Will you live long enough to become one of the growing numbers of vital, healthy centenarians? Your lifestyle may make the difference between aging gracefully to 109 or stopping at 79, the current average life expectancy.
Obviously, the length of your life is partly a function of genetics and good fortune, neither of which you can control. The life span of your parents, grandparents and great-grandparents provides clues about your genetic makeup. Another relevant factor is whether any chronic diseases, such as stroke, heart disease, high blood pressure, cancer or diabetes, occurred in family members before age 50.
Even so, experts assert that simple decisions you make each day have an enormous impact on how long and how well you will live. Based on the longevity test developed by Drs. Robert Goldman and Ronald Klatz, co-founders of the American Academy of Anti-Aging, the Fitness Protection Program considers six lifestyle factors.
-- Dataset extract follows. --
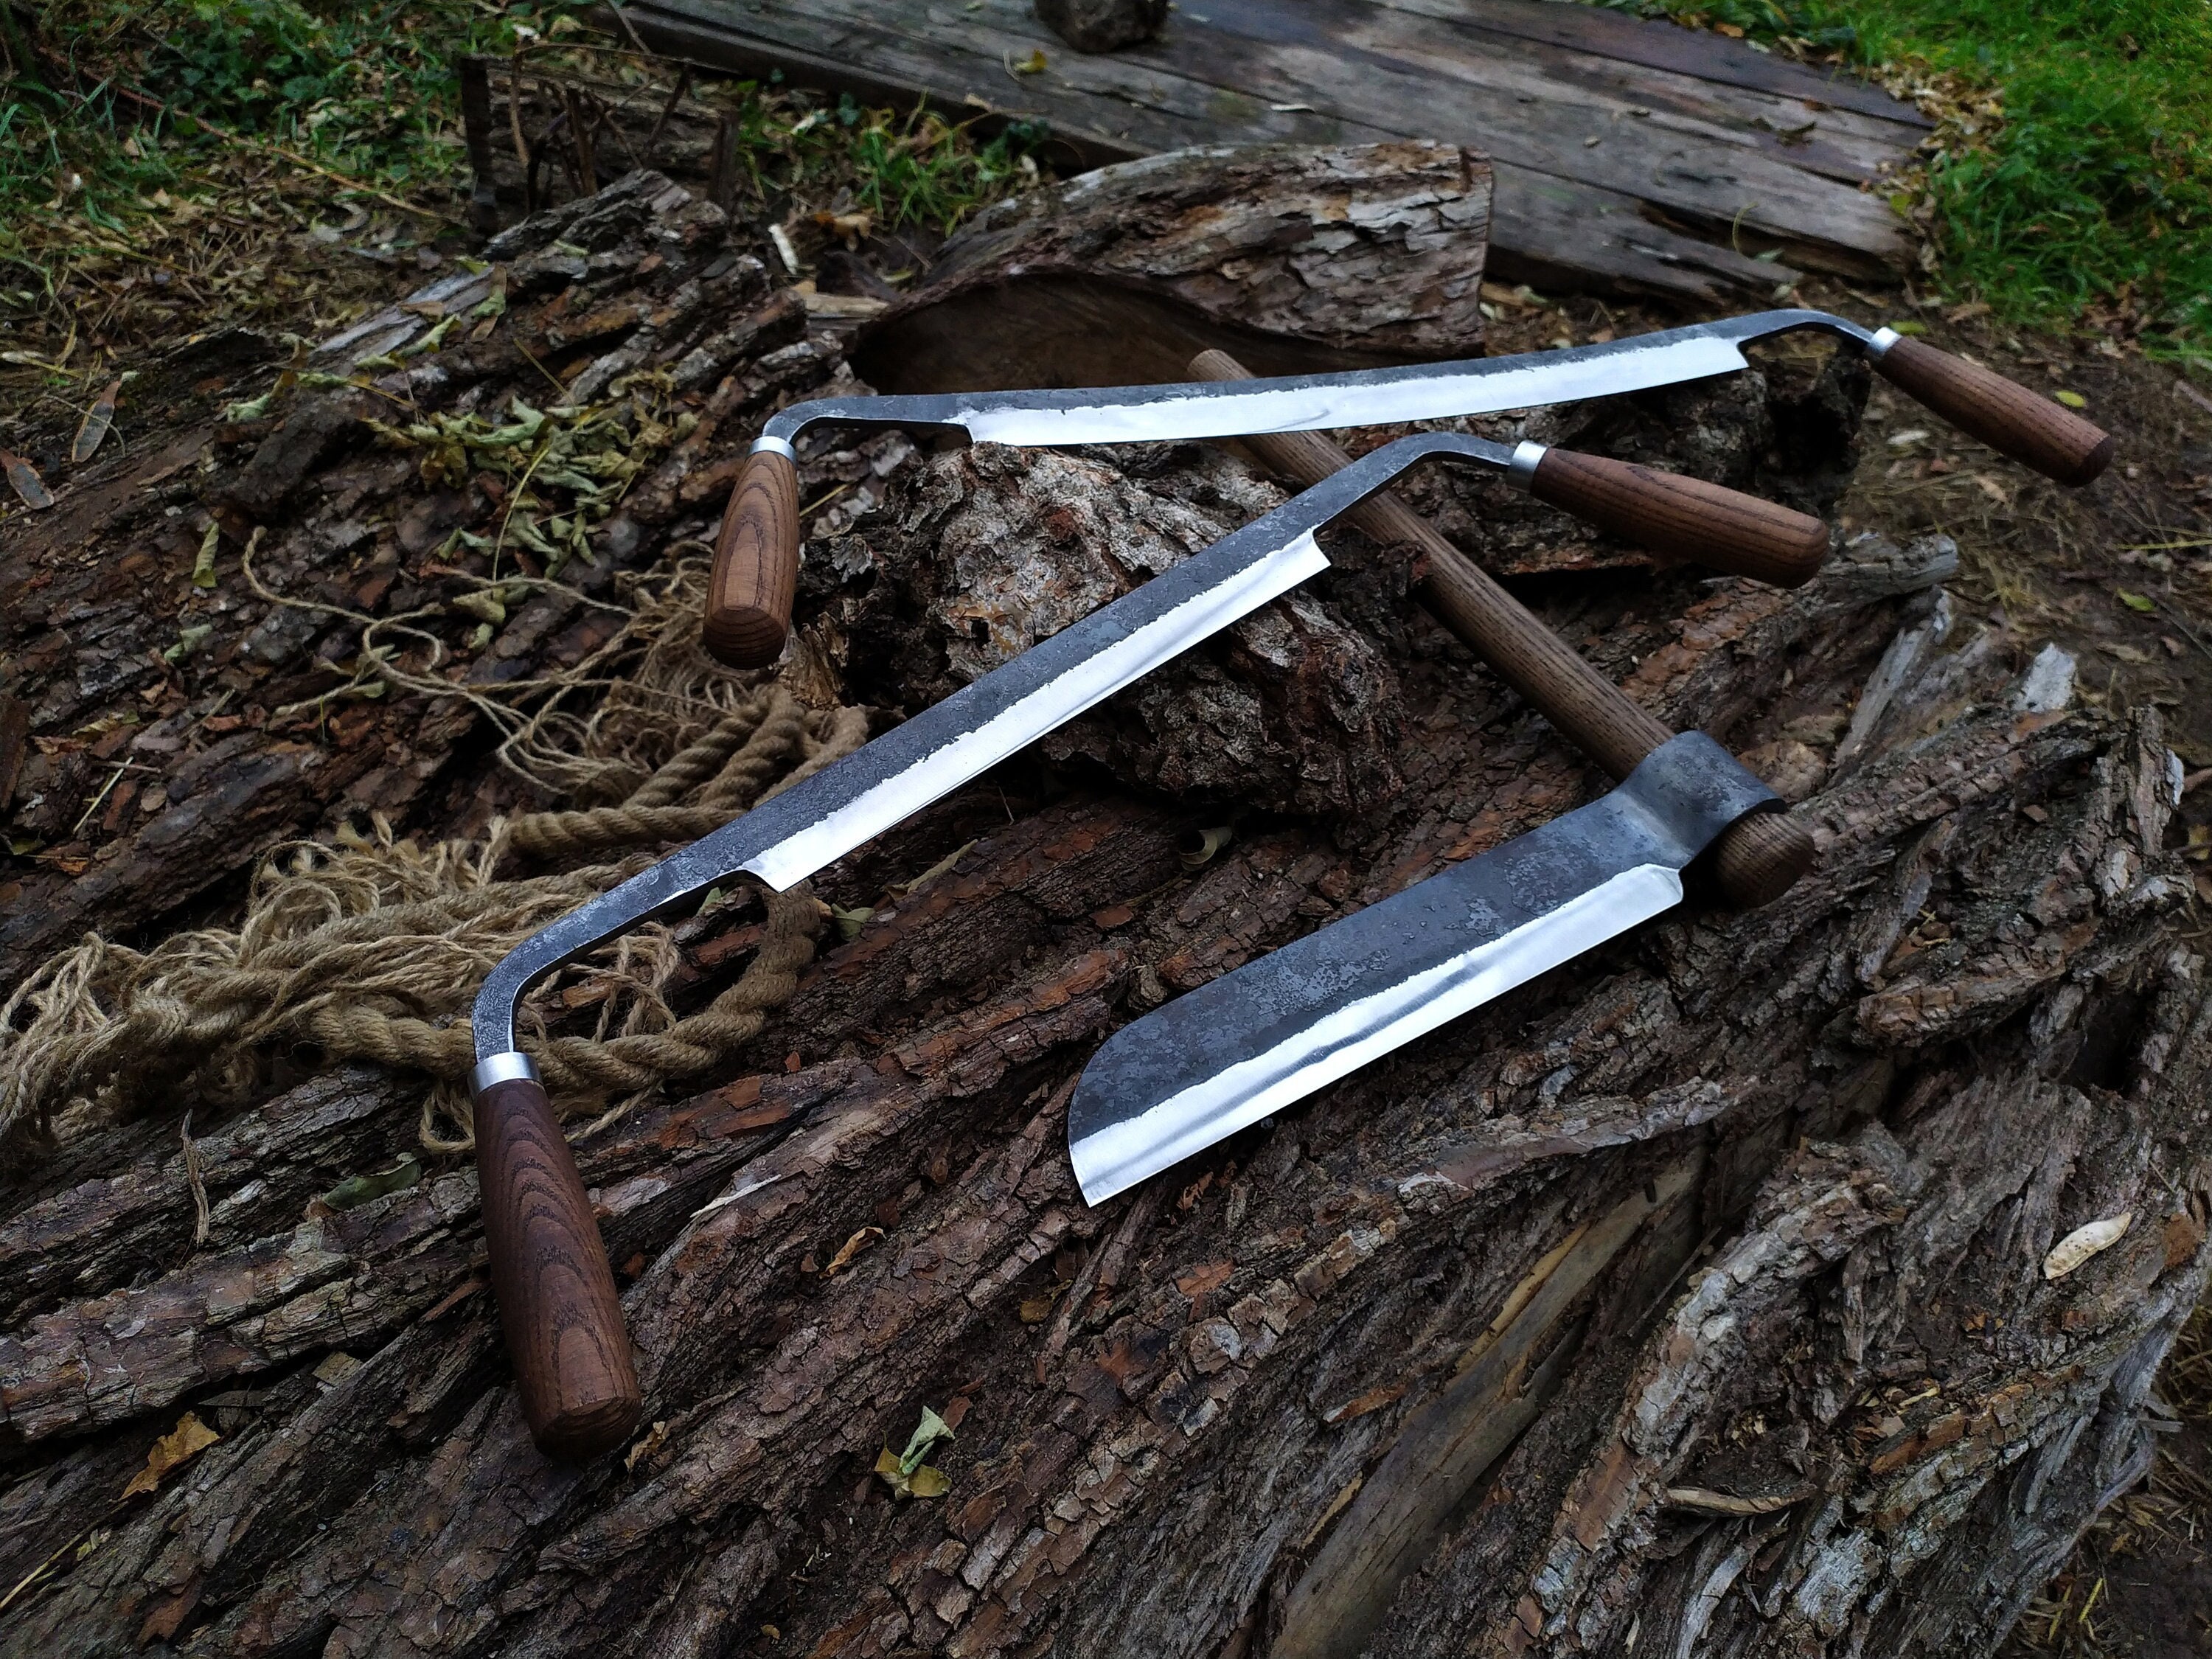 Flexcut - 5 Curved Blade Draw Knife with Sheath

If you want to age gracefully and healthfully, you need to incorporate these elements into your daily routine:
1. Outlook. Optimists fare better than pessimists do when it comes to longevity. An ability to see humor in the course of life’s difficulties helps. Having a purpose and making meaningful contributions promote a sense of well-being that translates into a longer life. Being connected with others, even a pet, nourishes our spirit. A regular routine, along with vacations and stress management, promotes health.
2. Diet. Eating a variety of foods in modest amounts promotes longevity. Maintaining a reasonable body weight with a body mass index of 18 to 25 is also key to living longer. Including five or more servings of fruits and vegetables from a rainbow of colors along with high-fiber foods each day is important. Consuming meals consisting of wholesome, fresh food rather than packaged, precooked or fried foods aids longevity.
3. Physical Fitness. Moving our bodies doesn’t wear them out; instead, it preserves our ability to function. Maintaining physical fitness requires a range of exercises, including aerobic, strength, balance and flexibility. Sixty minutes a day of vigorous walking or an equivalent form of exercise is a good foundation. Lifting weights builds bone strength, while yoga and stretching improve balance and flexibility.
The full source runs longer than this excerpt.